Application variety, volatility and complexity has exploded in the last couple of years. Powered by cloud-native and containerized microservices, distributed data processing frameworks, and continuous delivery practices, the number of application components has increased exponentially compared to first-generation service-oriented applications (SOA), while the lifespan of instances has become much shorter. Additionally, these distributed microservices are developed independently by small teams as integrations of multiple open-source frameworks of their choice.

DevOps teams are stuck with two broad category of monitoring tools – Infrastructure Monitoring tools, and Application Performance Monitoring (APM) tools – each one of which works satisfactorily for traditional SOA based architectures. These architectures are primarily characterized by monolithic applications, connected to each other using SOA principles. These applications traditionally run on specialized hardware provided by Dell, HP, IBM, EMC etc. and leverage relational data stores.  Traditional infra-monitoring and application performance monitoring tools are adept at monitoring these SOA based applications and corresponding infrastructure, but fall short of addressing the challenges of monitoring modern and complex application architectures. Let us understand why.

Infrastructure Monitoring: Infra-monitoring tools (like Nagios, Graphite, etc.) primarily rely on collecting metrics and alerts from all the underlying applications and hosts. The alerting tools provide a dashboard with the alerts aggregated together, while the graphing tools provide a mechanism of plotting individual metrics against a timeline. This approach works for SOA based architectures, where the number or processes and hops are limited. However, monitoring modern dynamic and complex applications requires collecting and correlating metrics, events and alerts from 10s or 100s of open-source frameworks and ephemeral containerized infrastructure. Monitoring these environments with current tools results in 100s and 1000s of graphs. Collecting more granular data (which is fairly easy today) and plotting graphs against these data sets, does not lead to more visibility and easy troubleshooting. The DevOps engineer is now shackled with noisy alerts and numerous dashboards, not knowing which spike (or trough) or alert to look at, or even worse, which set of graphs to look at together as-a-group to evaluate cause & effect.

Application Performance Monitoring (APM): APM does a great job at understanding end-to-end transactions, starting from the point of end-user interaction, through the application stack (lot of custom code), down to the data store. They do this quite well, but the catch is, that they do so only for a limited set of traditional applications, written using custom code – APM transaction tracing is limited to code written in Java, .NET, Ruby, PHP, Node.js and a few other languages. These languages account for 90%+ of applications written between 2006-2013 – no-doubt APM is in a lot of demand. However, the key is to look at how applications have been built post 2013. APM tools fail to provide the same correlated transaction tracing for new open source data-processing and microservice code frameworks (Akka, Play, Grails, Spark, Storm, Kafka etc.), which have been the basis of new application development.

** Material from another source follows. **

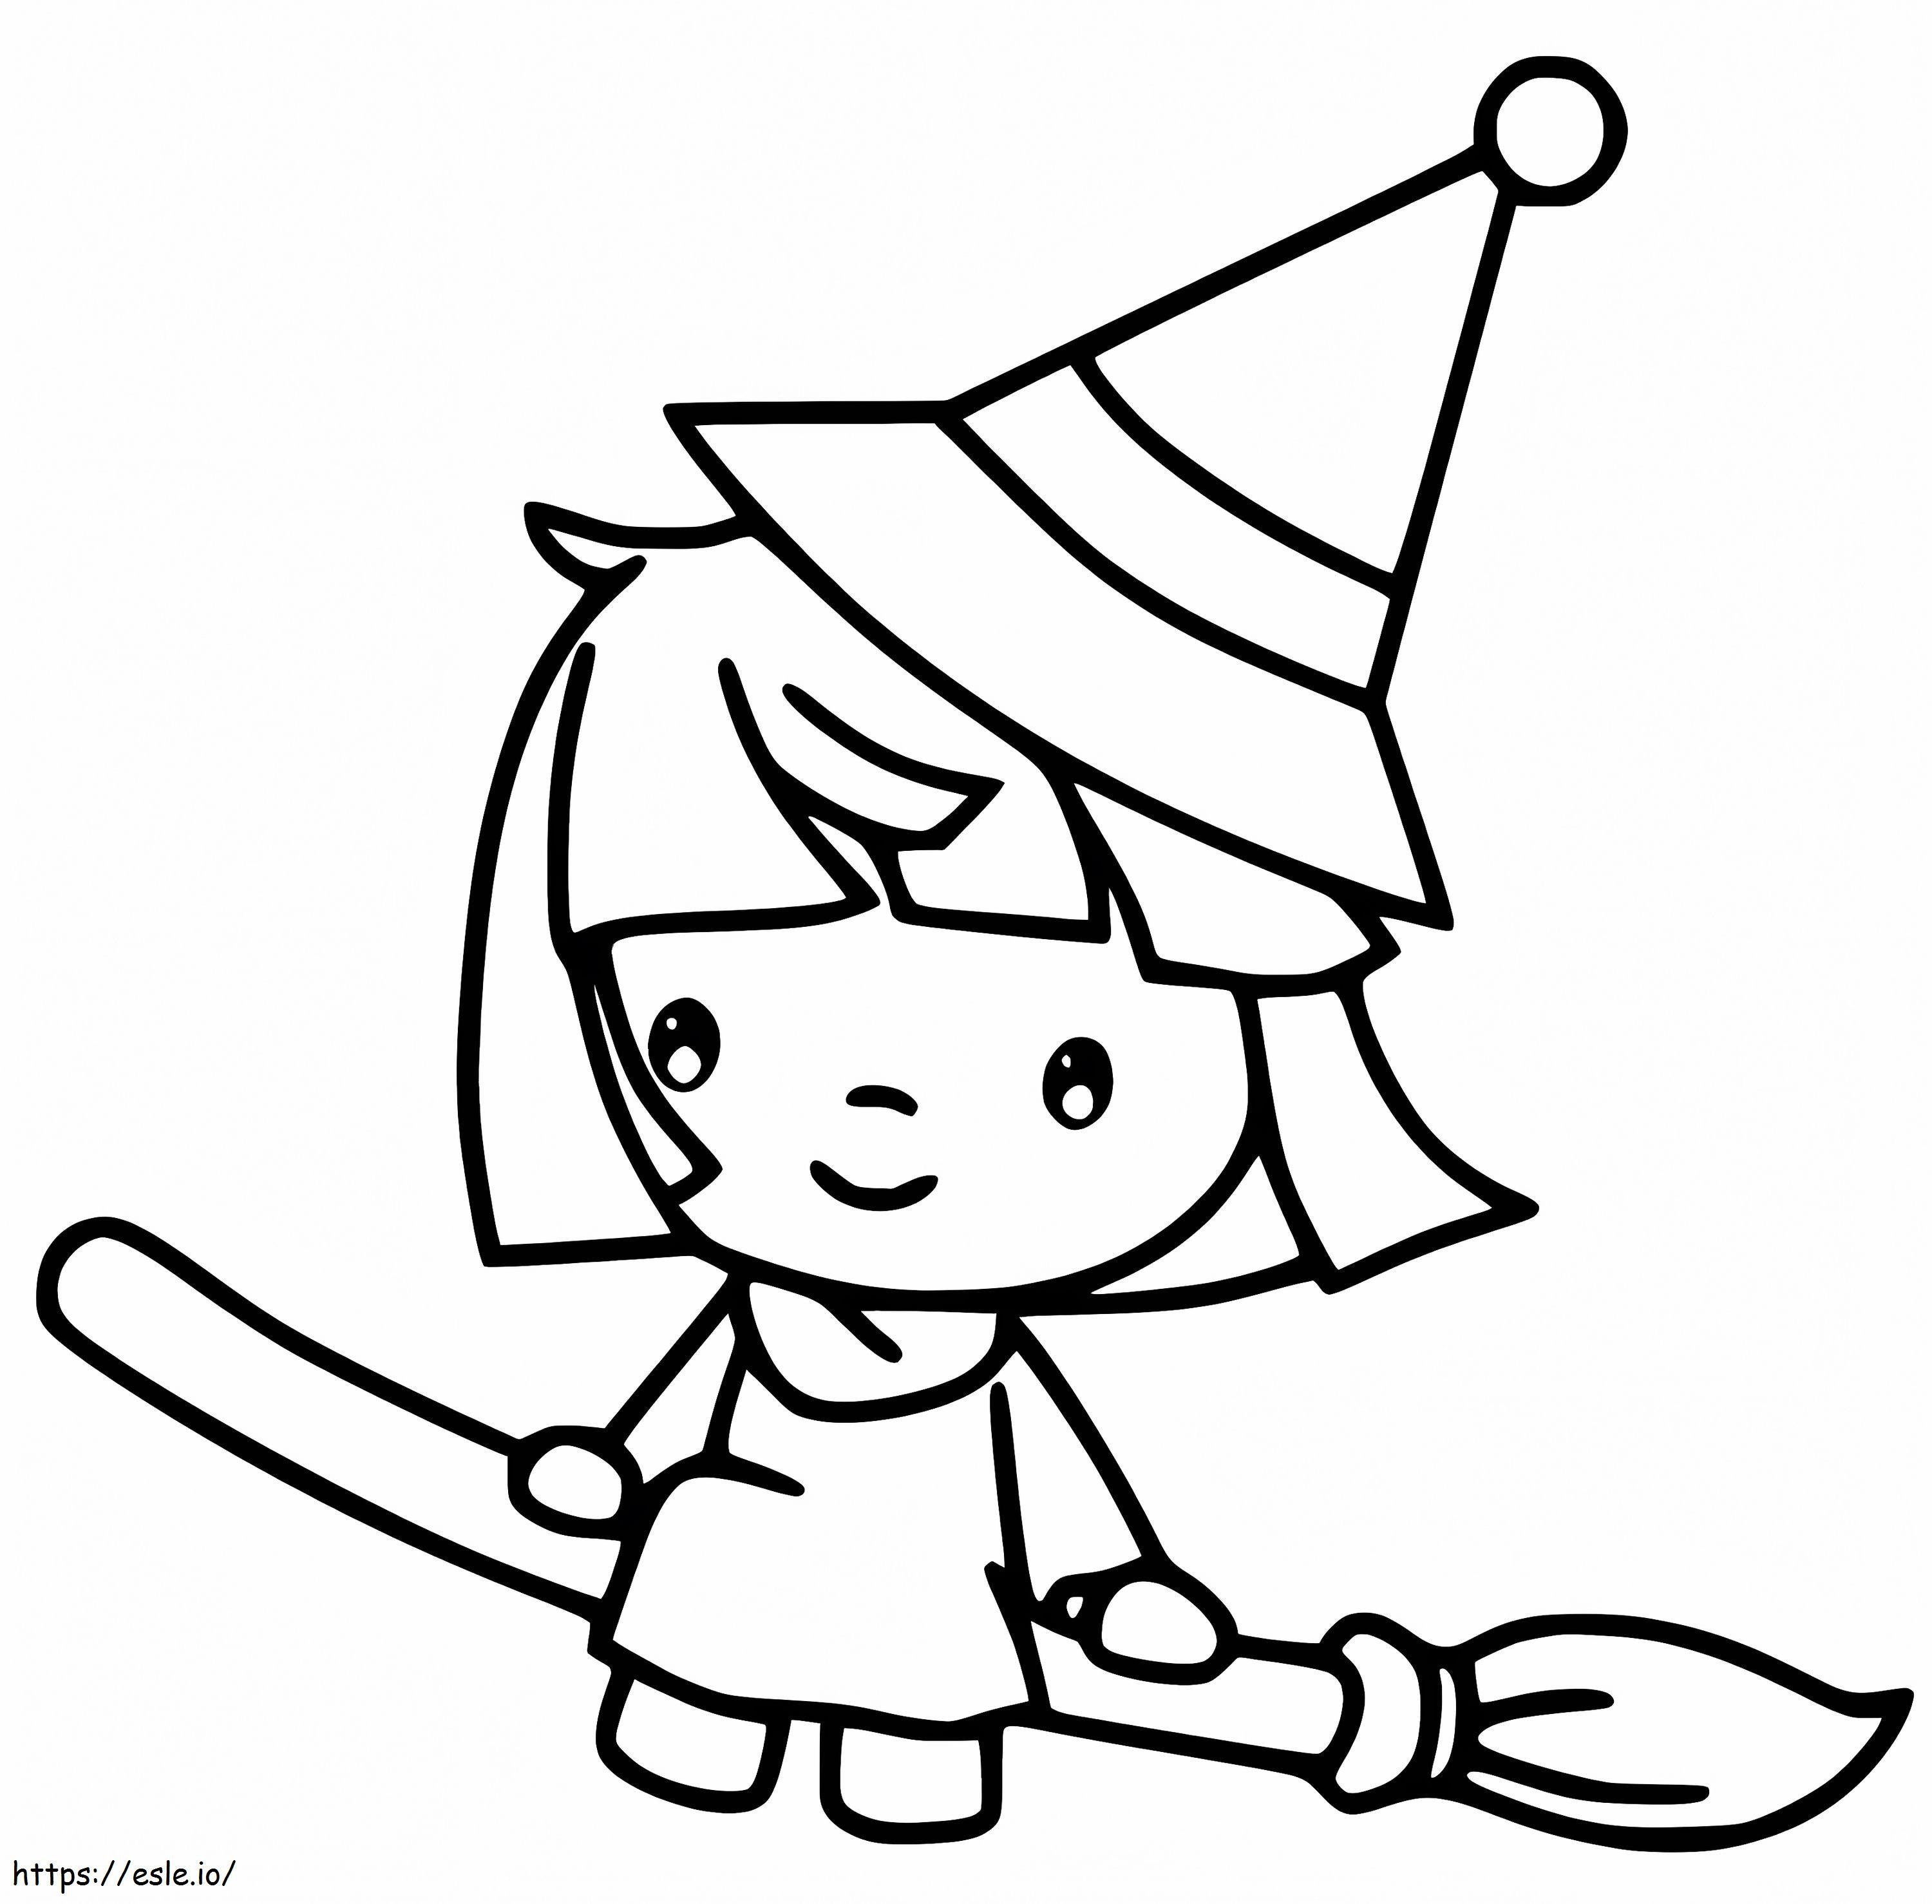 Cute Halloween Witch On Broom coloring page

It is here that DevOps teams are left in the dark.


Monitoring via Automated Discovery and Guided Troubleshooting

Recent advances in data-science applied to monitoring and troubleshooting have the potential to ease this pain, and OpsClarity has been executing on the same vision. “Data science” as a terminology has been overtly misused by several vendors, but the technology when applied can provide invaluable visibility and rapid troubleshooting for modern IT environments. Let’s take a look at the OpsClarity approach:

  1. OpsClarity automatically discovers your application topology, including your applications and all external services that your application may be using, without requiring any manual intervention or configuration. You can see how your application and various services in the topology communicate with each other.
  2. Configure and collect all your service metrics automatically (no more dealing with managing config files across all your hosts!) to enable quick browsing of your critical service metrics in one place.
  3. Since all metrics are not the same, you cannot apply the same base lining algorithms to all your metrics. We have developed a library of complex algorithms based on the context of your specific metrics (which we are constantly learning) and use them to automatically baseline your metrics. This allows us to detect anomalies in your metrics automatically.
  4. We provide automated health status for all applications and services. You can think of this as a “traffic overlay” on top of your application topology, and a quick indicator of the problematic areas of your infrastructure.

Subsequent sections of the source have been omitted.